Глоток пряной, чуть терпкой жидкости не только согрел окоченевшего Фродо, но и прогнал его недавние страхи. Остальные Хранители тоже оживились. Однако ветер свирепствовал по-прежнему, а метель даже стала как будто сильней.
— Не разжечь ли костер? — спросил Боромир. — Похоже, мы уже поставлены перед выбором — погибнуть или отогреться у огня.
— Что ж, можно, — ответил Гэндальф. — Если здесь есть соглядатаи Саурона, они все равно уже нас заметили.
У Хранителей были и дрова и растопка (они последовали совету Боромира), но ни эльф, ни гном — уж на что мастера — не сумели высечь такую искру, которая зажгла бы отсыревший хворост. Пришлось взяться за дело Гэндальфу.

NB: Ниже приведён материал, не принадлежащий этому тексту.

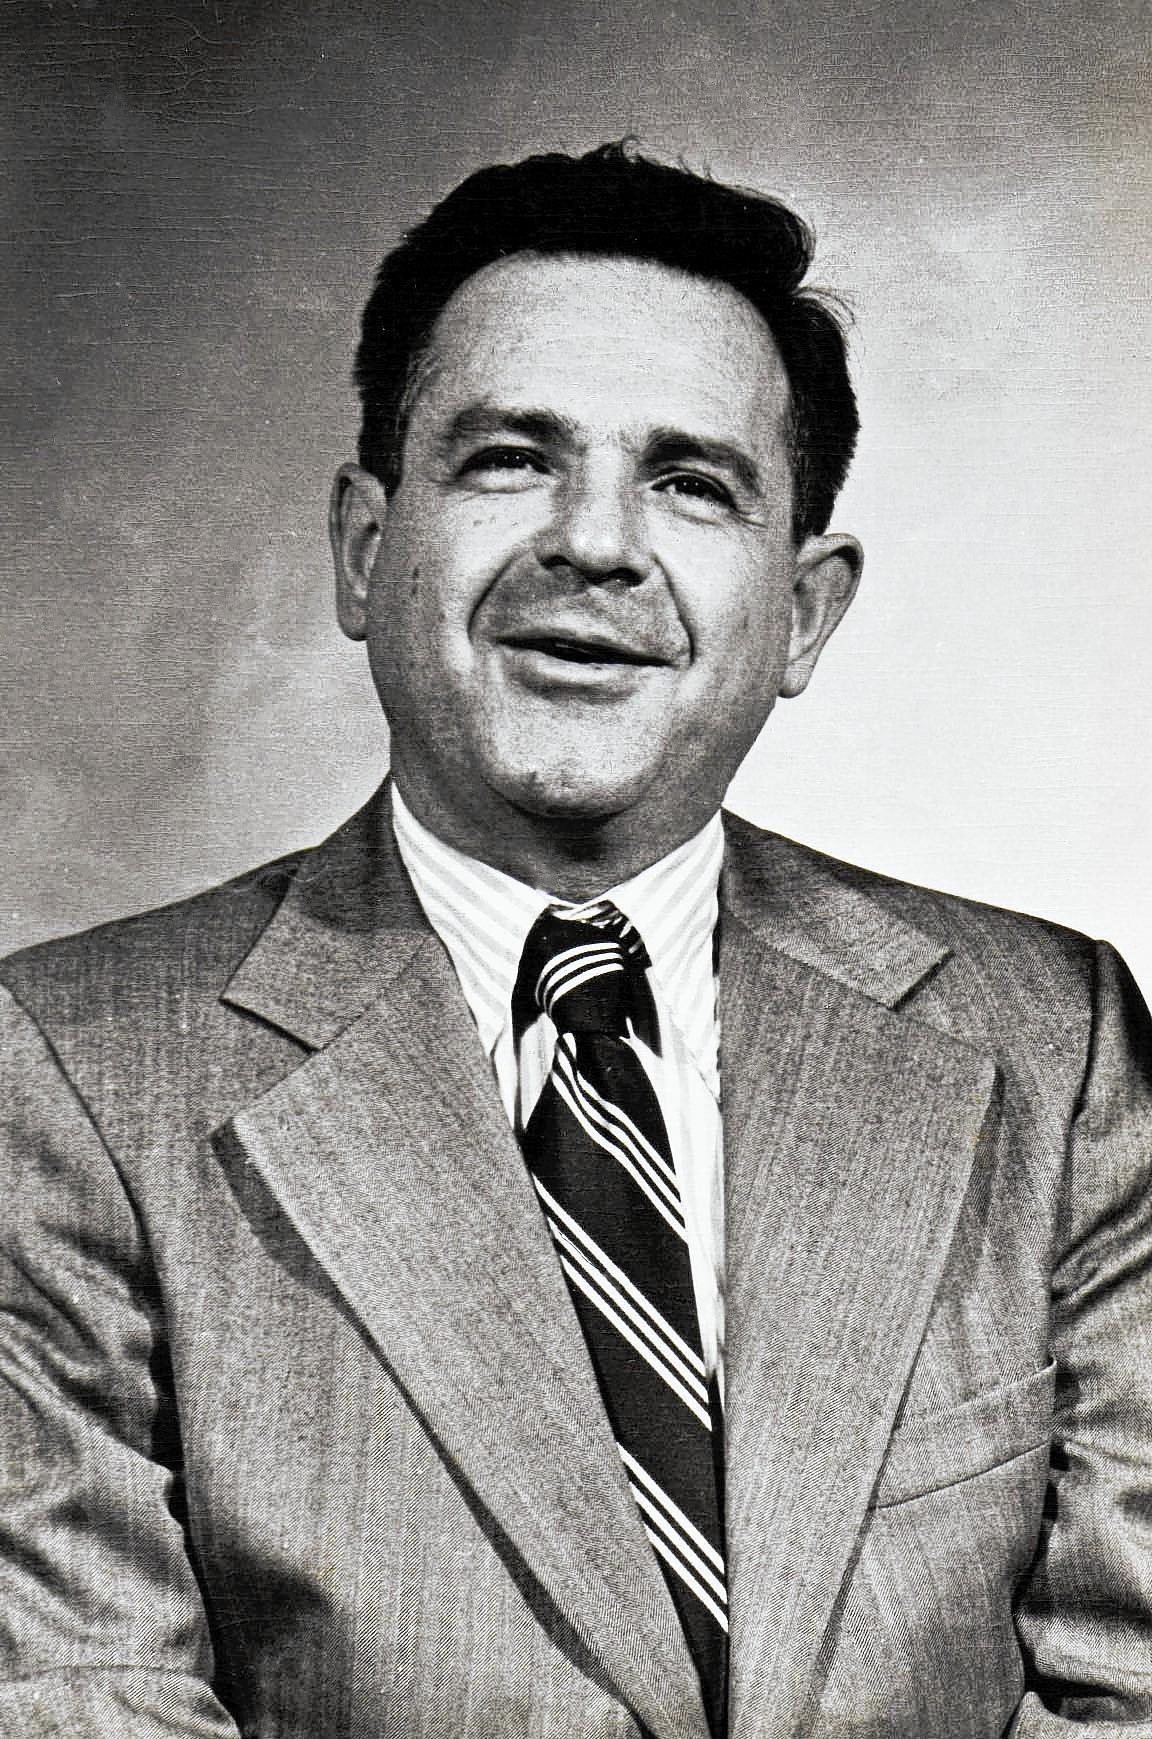 Jacob Schmulowitz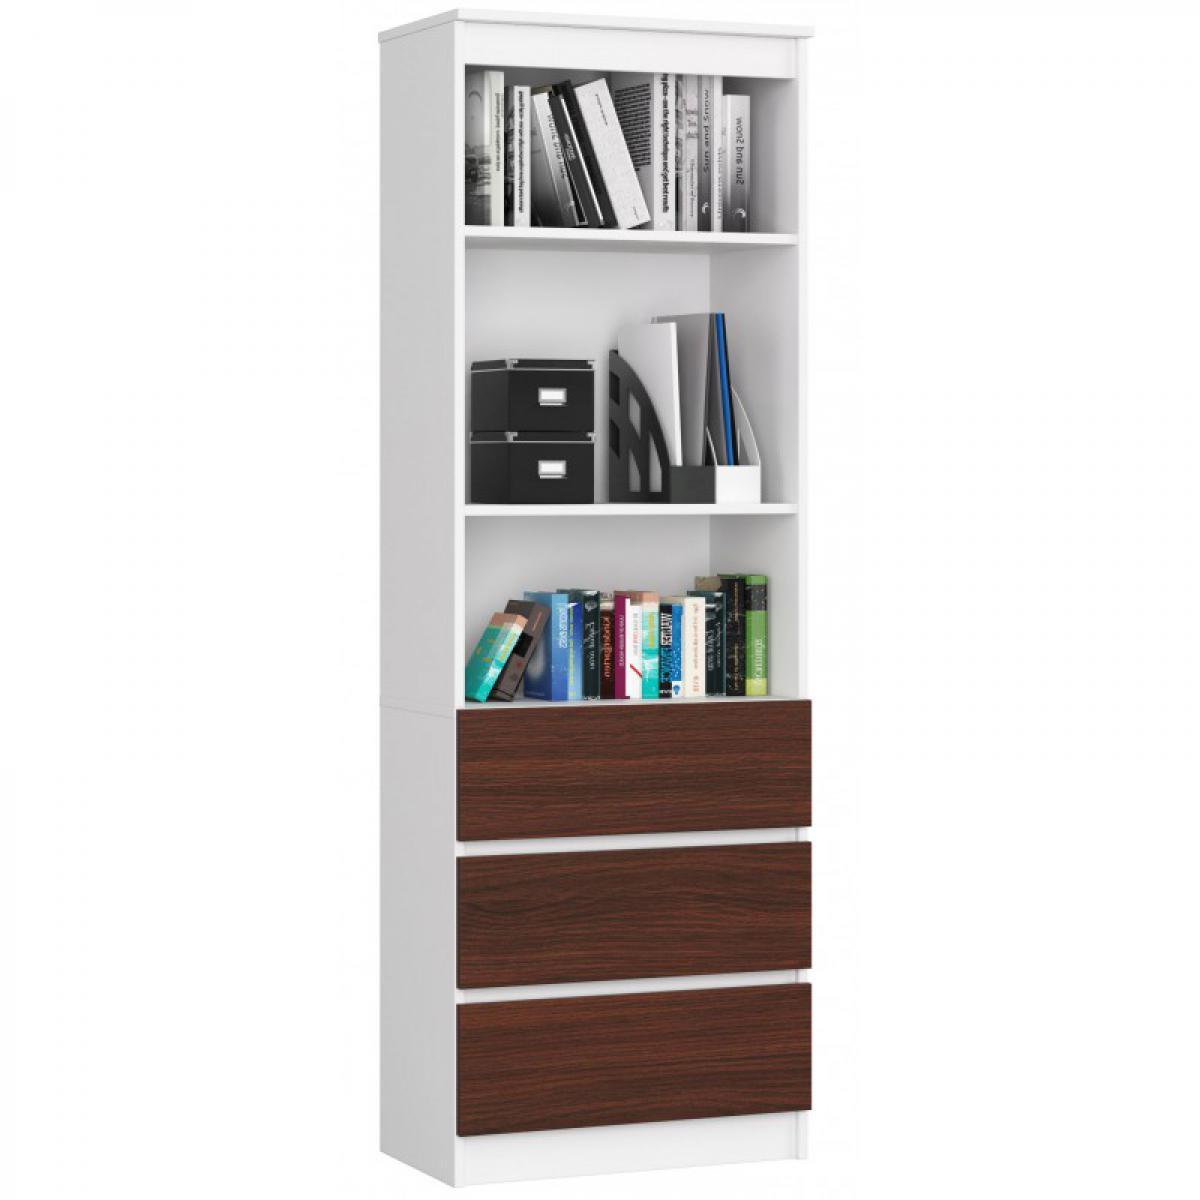 Hucoco CARLO - Grande bibliothèque moderne - 2 étagères + 3 tiroirs - 180x60x35cm - Rangement livres/déco - Wengé

Он прикоснулся Жезлом к вязанке хвороста и скомандовал: «Наур ан адриат аммин!» Сноп зеленовато-голубого пламени ярко осветил метельную темень, хворост вспыхнул и быстро разгорелся. Теперь яростные порывы ветра только сильнее разжигали костер.
— Если перевал стерегут соглядатаи, то меня-то они наверняка засекли, — с мрачной гордостью заметил маг. — Я просигналил им ГЭНДАЛЬФ ЗДЕСЬ так понятно, что никто не ошибется.
Но Хранители едва ли слышали Гэндальфа. Они, как дети, радовались огню. Разгоревшийся хворост весело потрескивал, и Хранители, не обращая внимания на буран, на лужи талой воды под ногами, со всех сторон обступили костер, чтоб согреться в его животворном тепле. На их изнуренных, но раскрасневшихся лицах играли огненно-золотистые блики, а вокруг, словно бы заключив их в темницу, кипела сизая метельная тьма.
Однако хворост сгорал очень быстро.
Пламя приугасло, и в тускнеющий костер бросили последнюю вязанку дров.
— Ничего, скоро начнется рассвет: ночь-то на исходе, — сказал Арагорн.
— Ночь-то на исходе, — пробормотал Гимли, — да в такое ненастье и рассвета не заметишь.
Боромир немного отступил от костра.
— Буран стихает, — объявил он. — Да и ветер как будто начал выдыхаться.
Фродо утомленно смотрел в костер; из черной тьмы выпархивали снежинки, вспыхивали, словно серебряные звездочки, и тут же гасли, растаяв над пламенем; а, вокруг неумолчно завывал ветер и клубилась беспросветная метельная мгла. Фродо сонно закрыл глаза, покачнулся, разлепил отяжелевшие веки — и вдруг заметил, что ветер умолк, а над холмиком слабо золотящихся углей лениво кружится лишь несколько снежинок. Он поднял голову и увидел, что на востоке черное небо слегка посветлело.